Ramos Carlos A, Savoldo Barbara, Torrano Vicky, Ballard Brandon, Zhang Huimin, Dakhova Olga, Liu Enli, Carrum George, Kamble Rammurti T, Gee Adrian P, Mei Zhuyong, Wu Meng-Fen, Liu Hao, Grilley Bambi, Rooney Cliona M, Brenner Malcolm K, Heslop Helen E, Dotti Gianpietro
J Clin Invest. 2016 Jul 1;126(7):2588-96. doi: 10.1172/JCI86000. Epub 2016 Jun 6.
Treatment of B cell malignancies with adoptive transfer of T cells with a CD19-specific chimeric antigen receptor (CAR) shows remarkable clinical efficacy. However, long-term persistence of T cells targeting CD19, a pan-B cell marker, also depletes normal B cells and causes severe hypogammaglobulinemia. Here, we developed a strategy to target B cell malignancies more selectively by taking advantage of B cell light Ig chain restriction. We generated a CAR that is specific for the κ light chain (κ.CAR) and therefore recognizes κ-restricted cells and spares the normal B cells expressing the nontargeted λ light chain, thus potentially minimizing humoral immunity impairment.
We conducted a phase 1 clinical trial and treated 16 patients with relapsed or refractory κ+ non-Hodgkin lymphoma/chronic lymphocytic leukemia (NHL/CLL) or multiple myeloma (MM) with autologous T cells genetically modified to express κ.CAR (κ.CARTs). Other treatments were discontinued in 11 of the 16 patients at least 4 weeks prior to T cell infusion.
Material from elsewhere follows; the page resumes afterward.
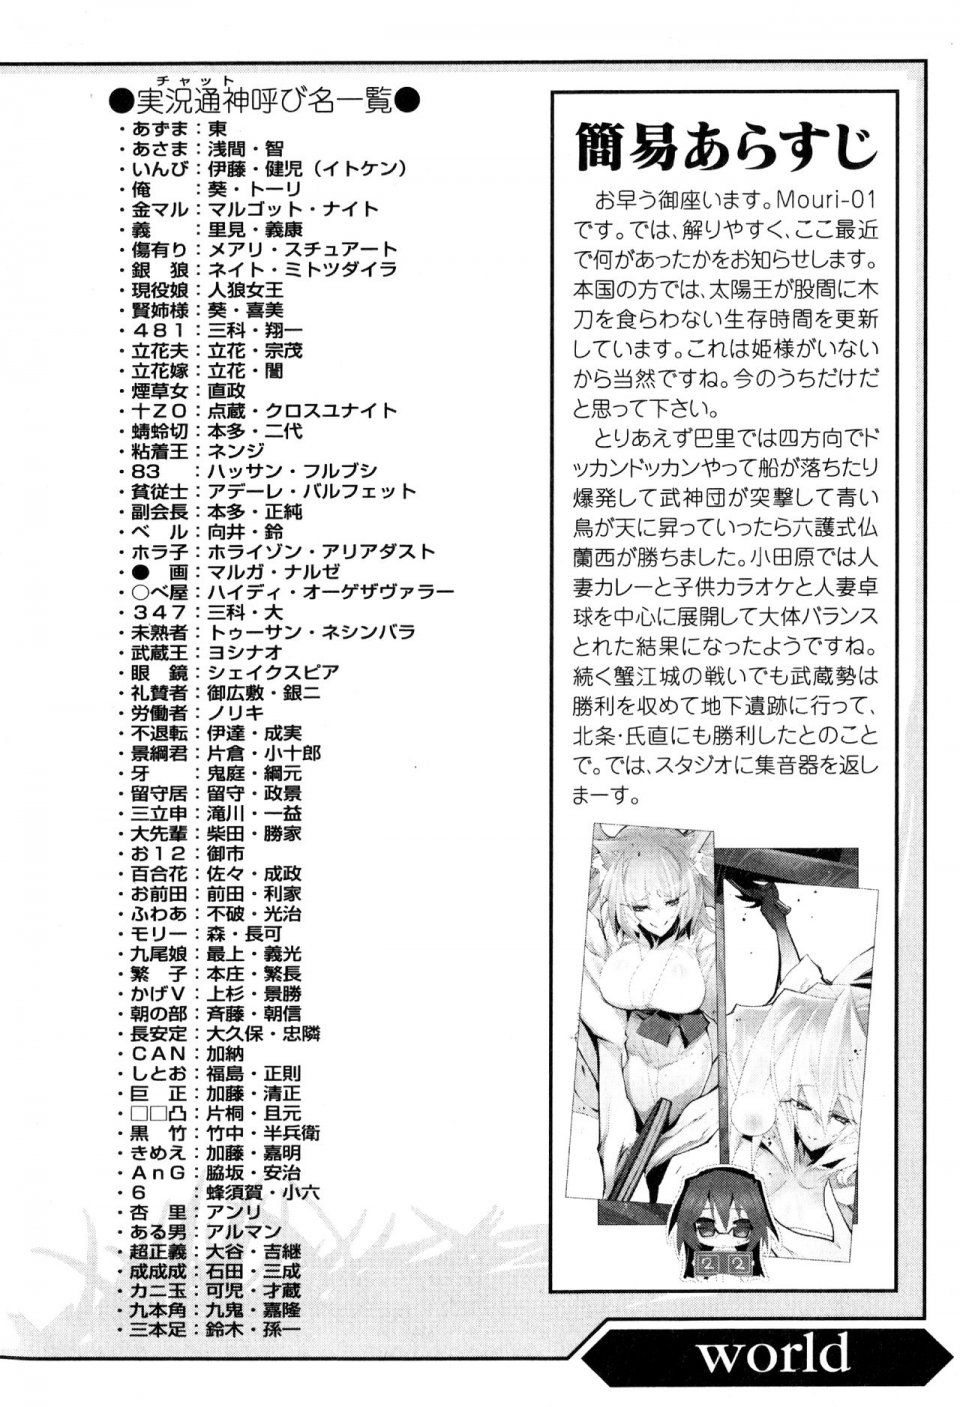 Kyoukai Senjou no Horizon LN Vol 16(7A) - Photo #16

Six patients without lymphopenia received 12.5 mg/kg cyclophosphamide 4 days before κ.CART infusion (0.2 × 108 to 2 × 108 κ.CARTs/m2). No other lymphodepletion was used.
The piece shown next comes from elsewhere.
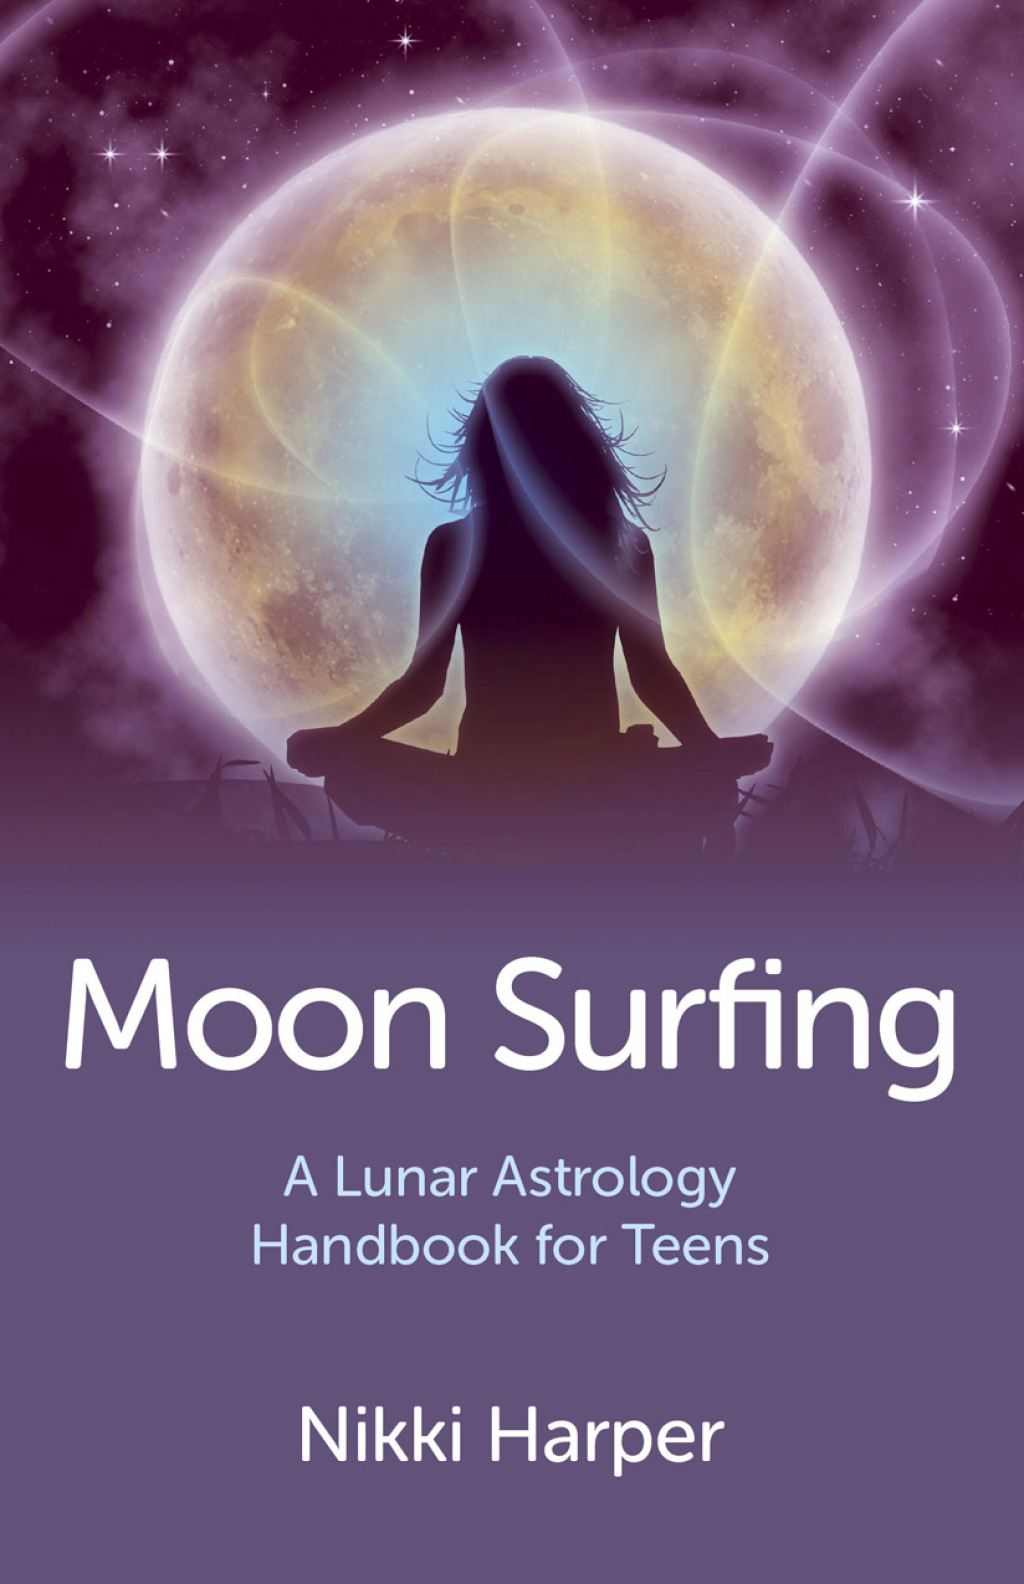 Moon Surfing: A Lunar Astrology Handbook for Teens (eBook) - Nikki Harper

κ.CART expansion peaked 1-2 weeks after infusion, and cells remained detectable for more than 6 weeks. Of 9 patients with relapsed NHL or CLL, 2 entered complete remission after 2 and 3 infusions of κ.CARTs, and 1 had a partial response. Of 7 patients with MM, 4 had stable disease lasting 2-17 months. No toxicities attributable to κ.CARTs were observed.
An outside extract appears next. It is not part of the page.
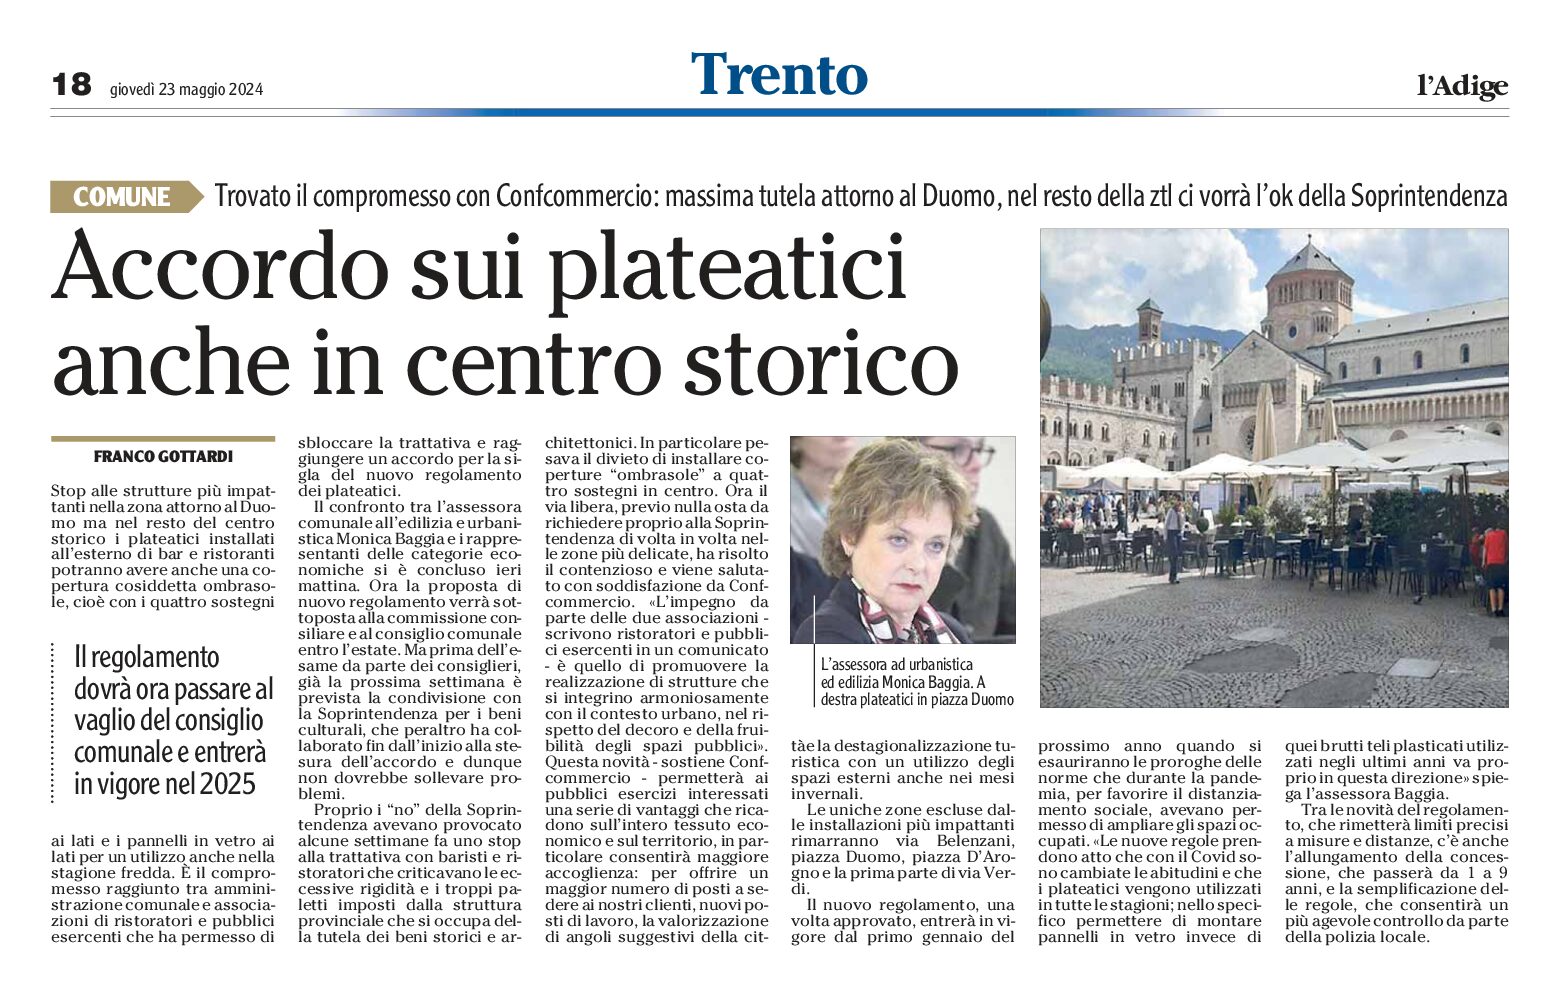 Trento: accordo sui plateatici anche in centro storico

κ.CART infusion is feasible and safe and can lead to complete clinical responses.
ClinicalTrials.gov NCT00881920.
National Cancer Institute (NCI) grants 3P50CA126752 and 5P30CA125123 and Leukemia and Lymphoma Society (LLS) Specialized Centers of Research (SCOR) grant 7018.
采用携带CD19特异性嵌合抗原受体(CAR)的T细胞过继性转移治疗B细胞恶性肿瘤显示出显著的临床疗效。然而,靶向CD19(一种泛B细胞标志物)的T细胞长期持续存在也会消耗正常B细胞并导致严重的低丙种球蛋白血症。在此,我们开发了一种策略,通过利用B细胞轻链免疫球蛋白限制来更具选择性地靶向B细胞恶性肿瘤。我们构建了一种对κ轻链特异的CAR(κ.CAR),因此可识别κ限制的细胞,并使表达非靶向λ轻链的正常B细胞得以保留,从而有可能将体液免疫损伤降至最低。
我们开展了一项1期临床试验,用经基因改造以表达κ.CAR的自体T细胞(κ.CART)治疗16例复发或难治性κ +非霍奇金淋巴瘤/慢性淋巴细胞白血病(NHL/CLL)或多发性骨髓瘤(MM)患者。16例患者中有11例在T细胞输注前至少4周停用了其他治疗。6例无淋巴细胞减少的患者在输注κ.CART前4天接受12.5 mg/kg环磷酰胺(0.2×108至2×108κ.CARTs/m2)。未使用其他淋巴细胞清除方法。
κ.CART在输注后1 - 2周扩增达到峰值,细胞在6周以上仍可检测到。9例复发NHL或CLL患者中,2例在输注2次和3次κ.CART后进入完全缓解,1例部分缓解。7例MM患者中,4例病情稳定持续2 - 17个月。未观察到归因于κ.CART的毒性反应。
输注κ.CART是可行且安全的,并可导致完全的临床反应。
ClinicalTrials.gov NCT00881920。
美国国立癌症研究所(NCI)资助3P50CA126752和5P30CA125123,以及白血病与淋巴瘤协会(LLS)专门研究中心(SCOR)资助7018。